A brand new Prius drives by.

Friday, September 07, 2007

The pros and cons of green cachet.

Green products are theoretically designed to reduce net footprint caused by over consumption; green marketers try to attract people who have money to spend. The two aims are not always in sync.

Tom Conrad writes in Alt Energy Stocks, "People want to be seen to be green a lot more than they want to save a few dollars on gas."

So far, so 'good' . But Tom adds, " The Japanese who buy fake solar panels don't ask about the payback period." Hmm.

It may be that adopting externalized notions of what is green and good ( e.g. solar power = no global warming = good) doesn't help after all. Anyway, as mentioned in an earlier post, Green marketing is often just derivative nonsense, and lacks real freshness. Which is a problem if what you are selling is freshness.
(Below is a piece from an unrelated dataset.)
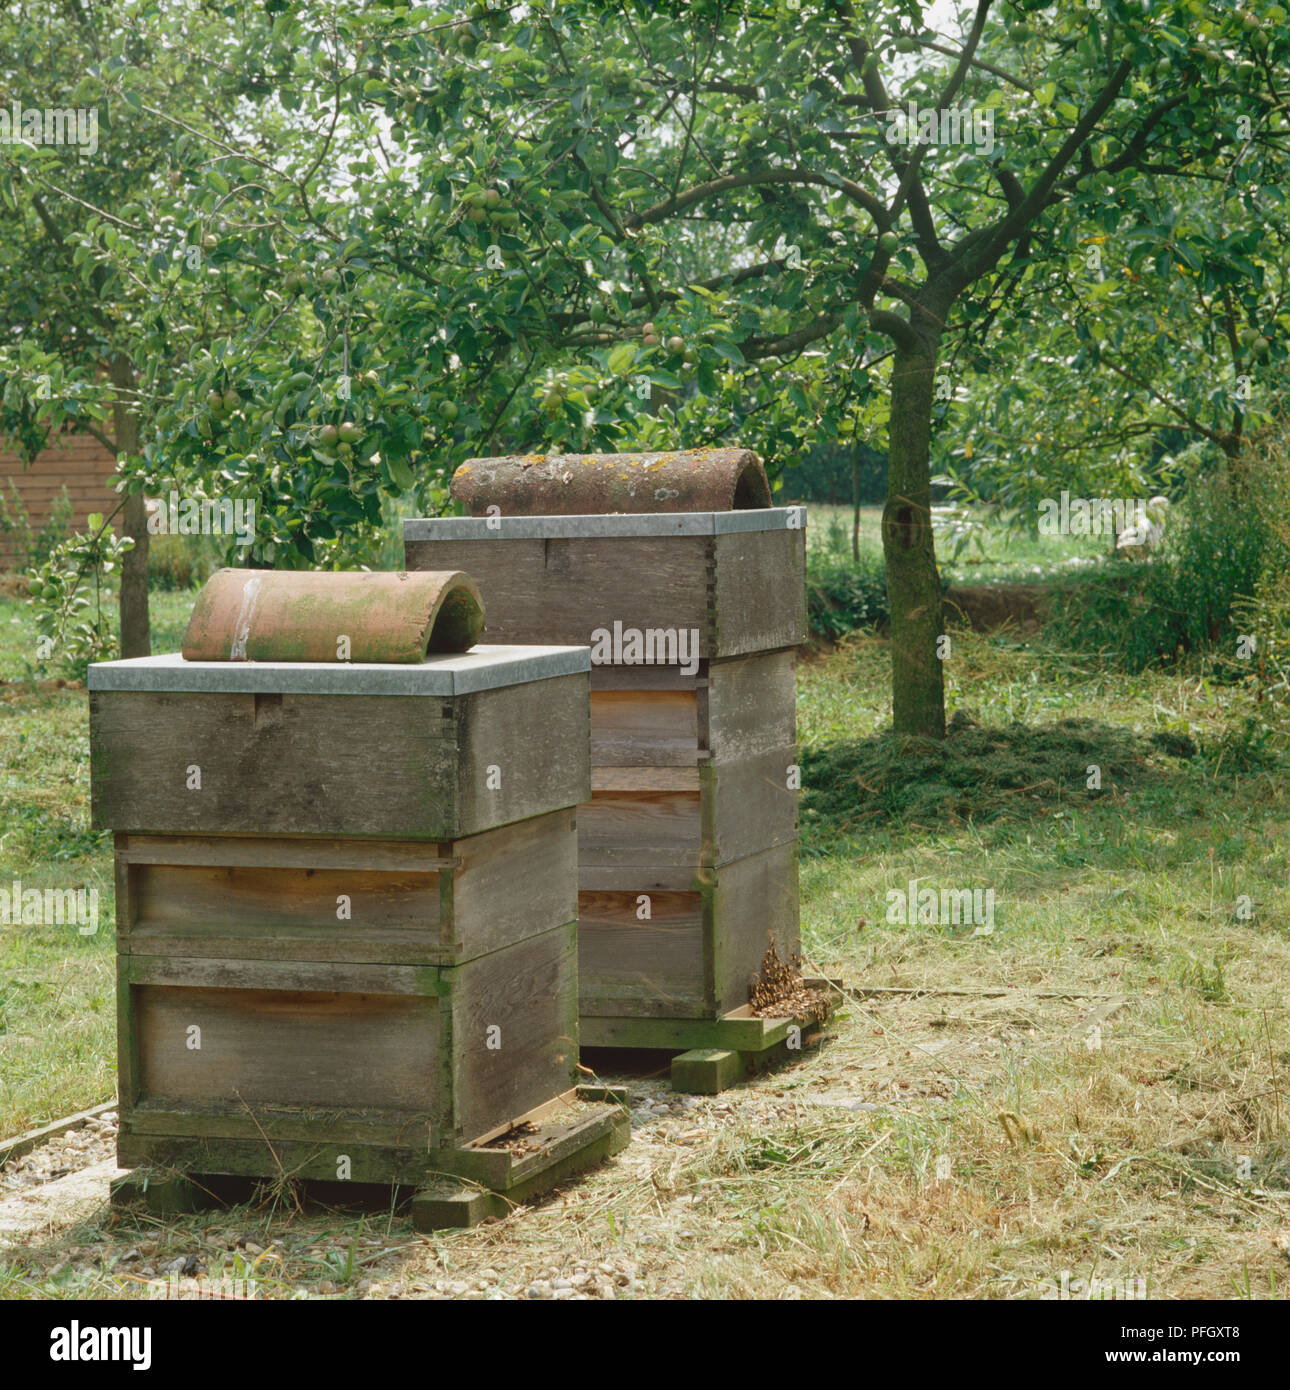 Zwei Holz- Bienenstöcke stehen Seite an Seite in Garten, Bienen schwärmen unten um den Hives, Obst Baum im Hintergrund. Stockfoto
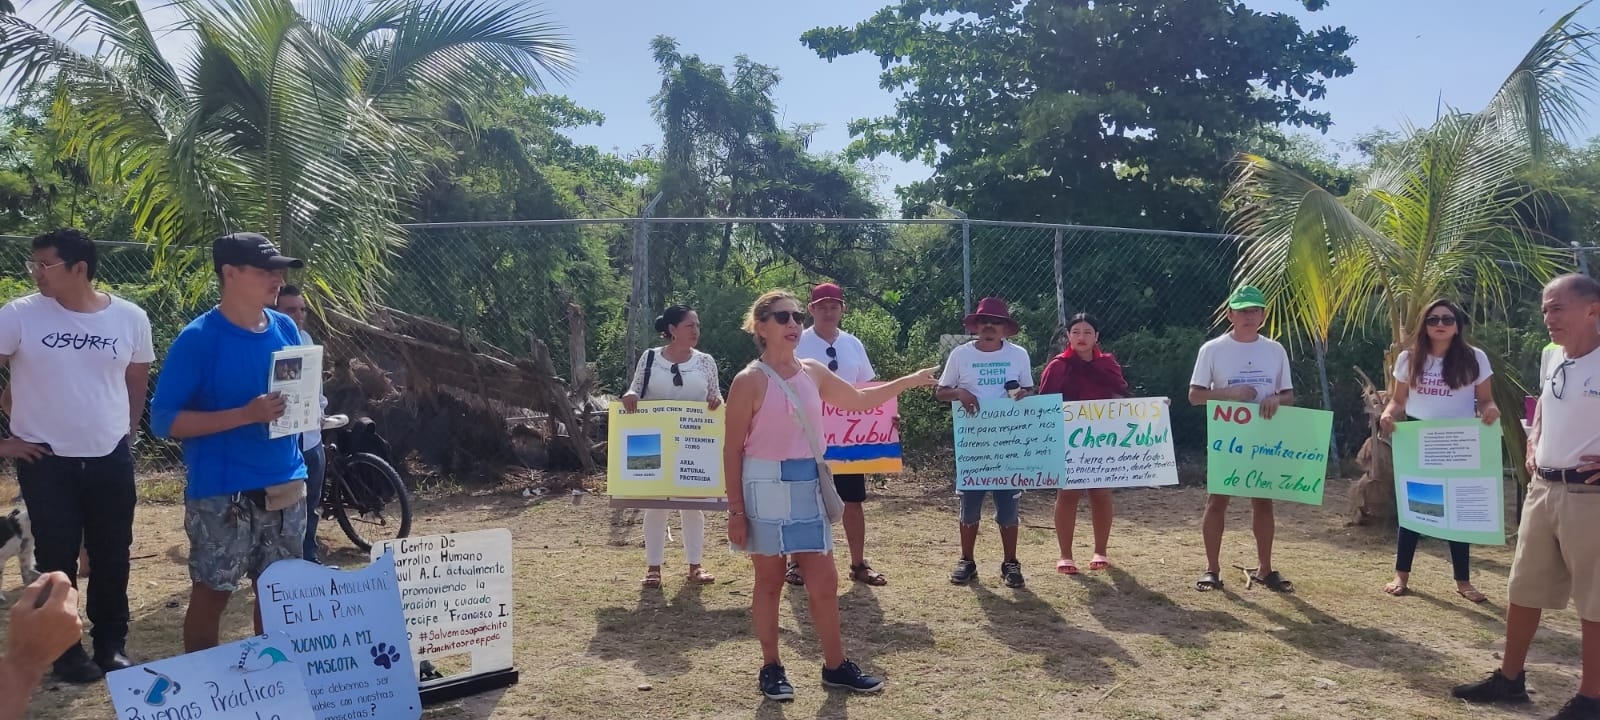 Habitantes de Playa del Carmen protestan contra la certificación "Blue Flag" de la playa Colosio

Conrad's entire article, "Why Energy Efficiency is a Hard Sell.

Sunday, September 02, 2007

Green and mass transformation

Marketing green products & services is often referred to as "green marketing."

You could compare it to convenience food marketing or education services marketing: green marketing is a kind of category and is something we can characterize. We see in convenience food marketing certain patterns and rules on such things as pricing, advertising and reach. In green products marketing we see familiar patterns and rules as well: premium pricing, ethical stance, the recycled packaging, the appeal to the future, the "let's all pull together" attitude.

These are ways that green marketing can be typified, and the marketing of green can easily be typified - bordering on pure caricature.

We do know that under green there is a strong sense of necessary transformation. Good. The drive to change is natural, and is built into our DNA. This is something marketing can sink its teeth into. But how?

We seek transformation, in Herds we call churches, or fads, or clubs. Mark Earls, whose book I'm reading right now:

"The biggest problem is that ours is a social brain not an individual self-determining brain: it's the brain of a creature whose life consists largely of other people and interaction with them. Looking at it as if it were otherwise and the creature that owns it as an isolated agent is a pointless abstraction."


People aren't isolated, they change together. Compare the spurious improvements brought by well meaning "fads" to the lasting change brought by quiet contemplation by a group of semi autonomous individuals...

There is a case to be made here - that there is a qualitatively different form of marketing that is suitable for marketing green products and services.